3. También encontramos entre las reseñas, el anuncio del pago del 15 % del aumento del salario a los docentes que, aunque en algunos medios se presentaba como el anuncio de un nuevo beneficio, se trata del porcentaje que corresponde a estas fechas y que fue acordado al momento de la firma del último contrato colectivo. El que forme parte de un compromiso previo, no implica que no pueda considerarse muy bajo o insuficiente en este momento, por una parte, porque cuando se suscribió el contrato, varios gremios expresaron que el porcentaje de aumento total era insuficiente si se comparaba con el incremento del costo de vida acumulado desde la firma del contrato anterior y por la otra, porque el incremento del costo de la vida en los últimos meses supera con creces el monto total acordado, mucho más el porcentaje correspondiente a estas fechas.

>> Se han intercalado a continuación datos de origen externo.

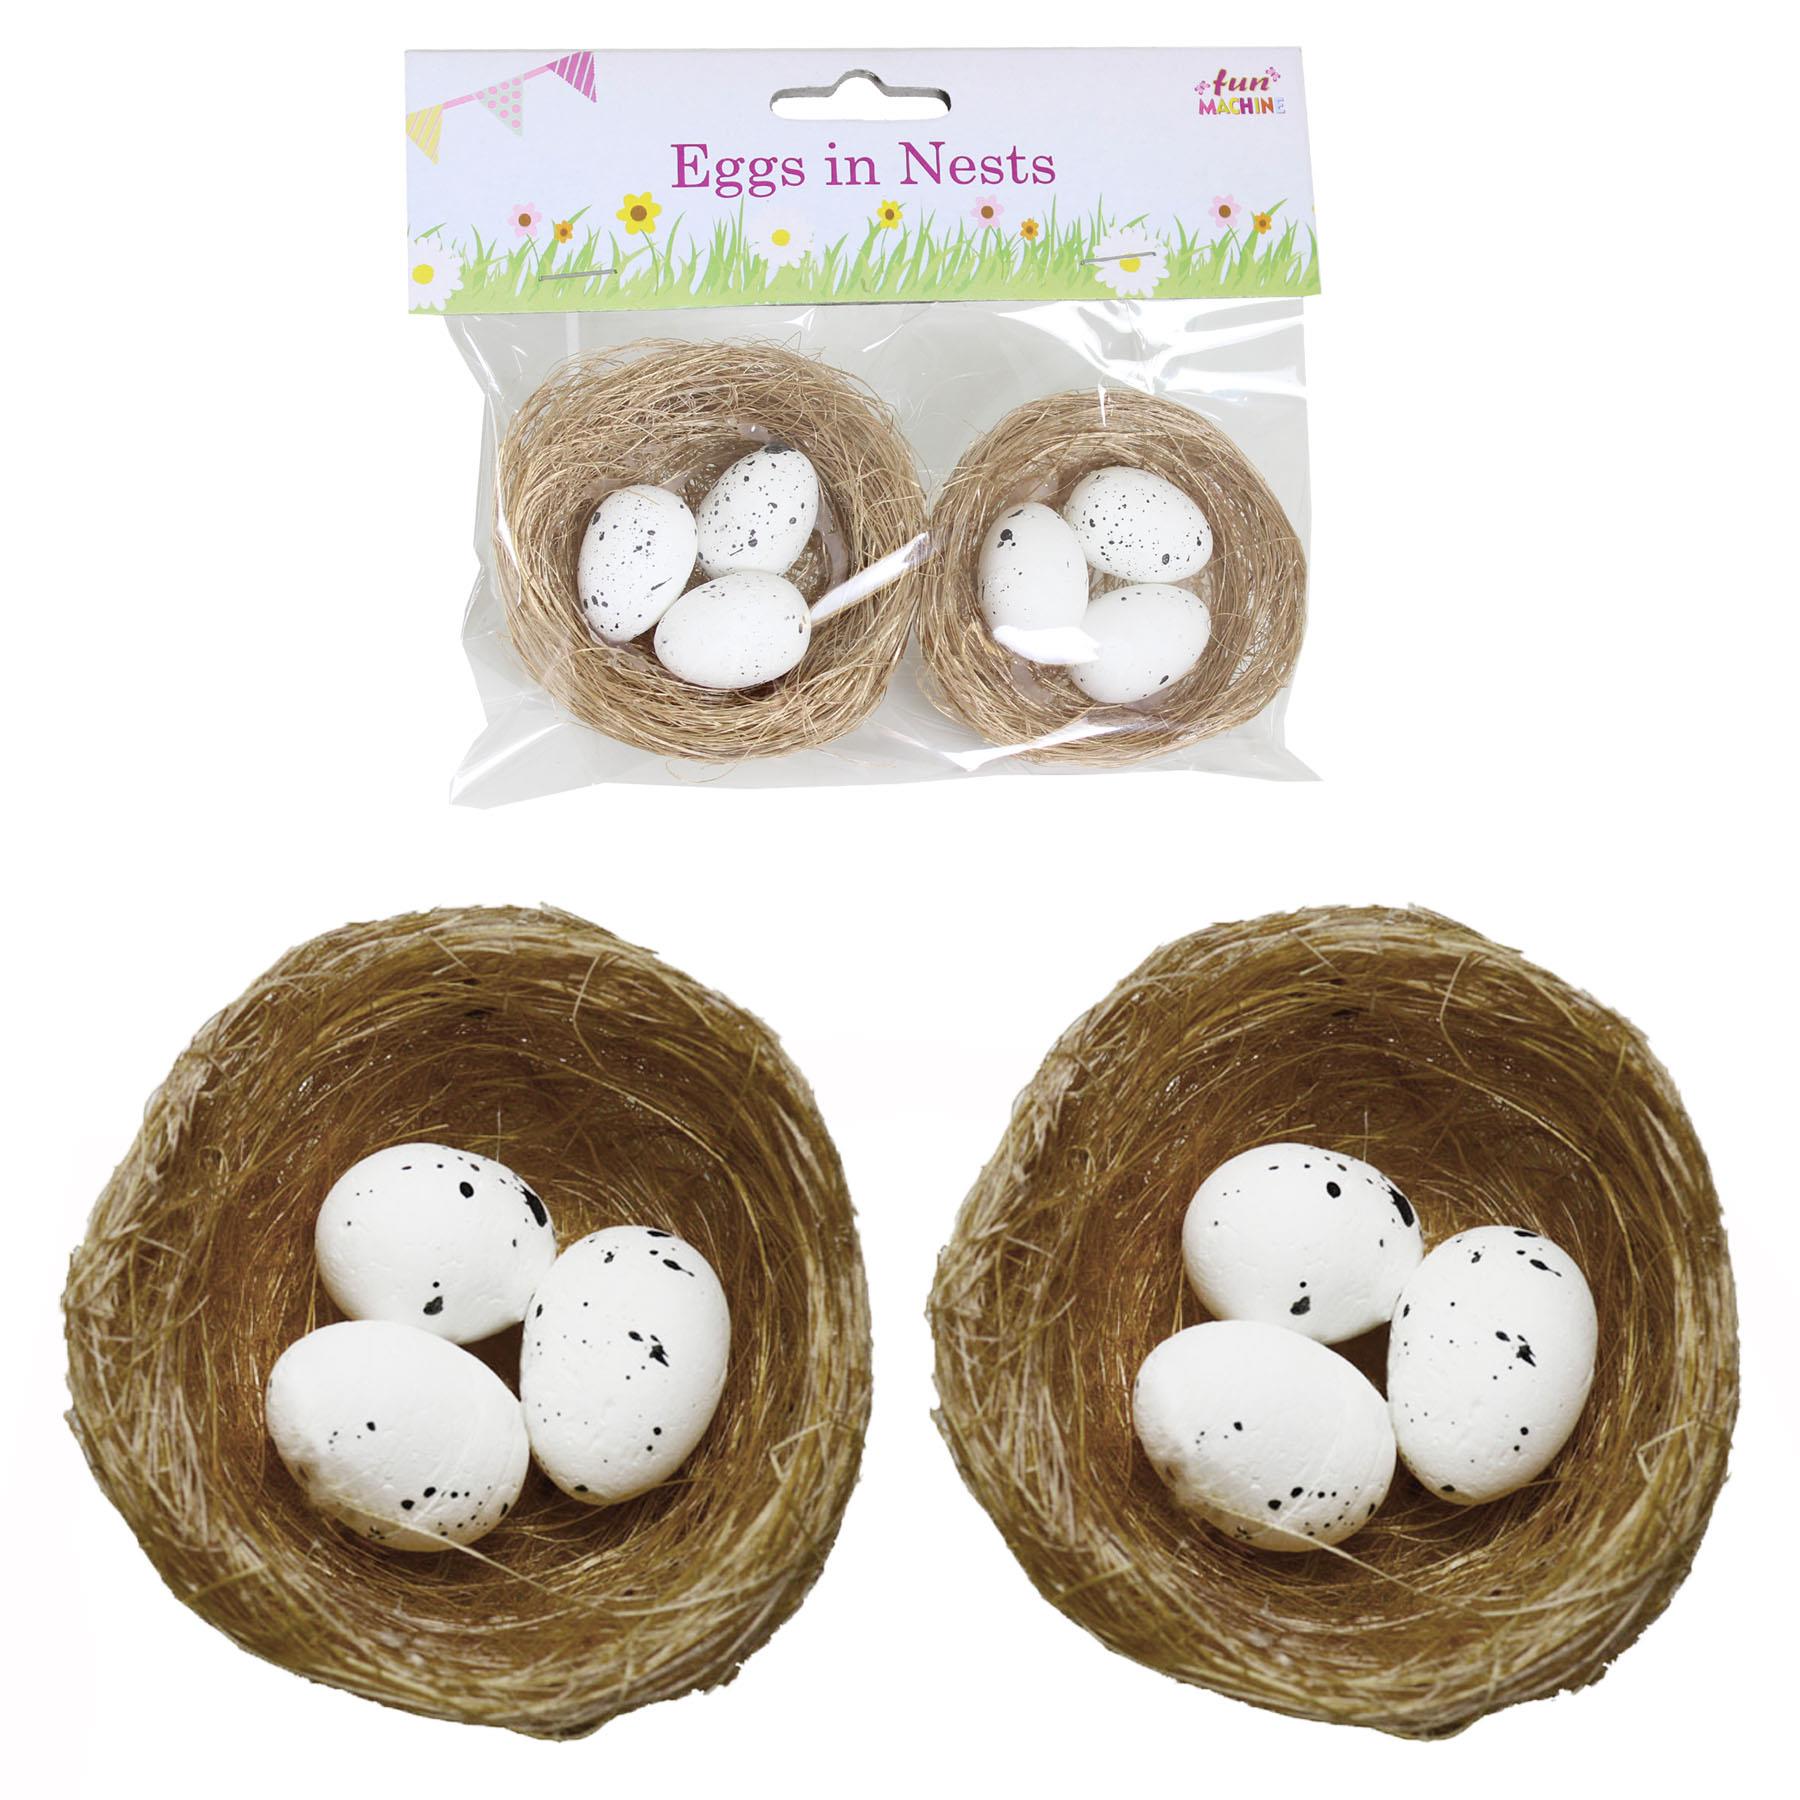 Easter Decorations, Bonnet Making, Arts and Crafts - 2 Pack Craft Nests 06563

En este caso, creemos que es importante atender las solicitudes de los docentes para que se revisen de nuevo los montos de los salarios, pero además, creemos importante que, asociado a ello, haya una discusión más profunda de los términos de contratación de los docentes que implique la ampliación del tiempo disponible para realizar todas las actividades asociadas con su ejercicio profesional, de manera que, ellos no tengan que llevarse trabajo para realizarlo en las horas que deberían dedicarse a descansar y a compartir con sus familias, ni se vean obligados a buscar trabajos adicionales para completar sus ingresos.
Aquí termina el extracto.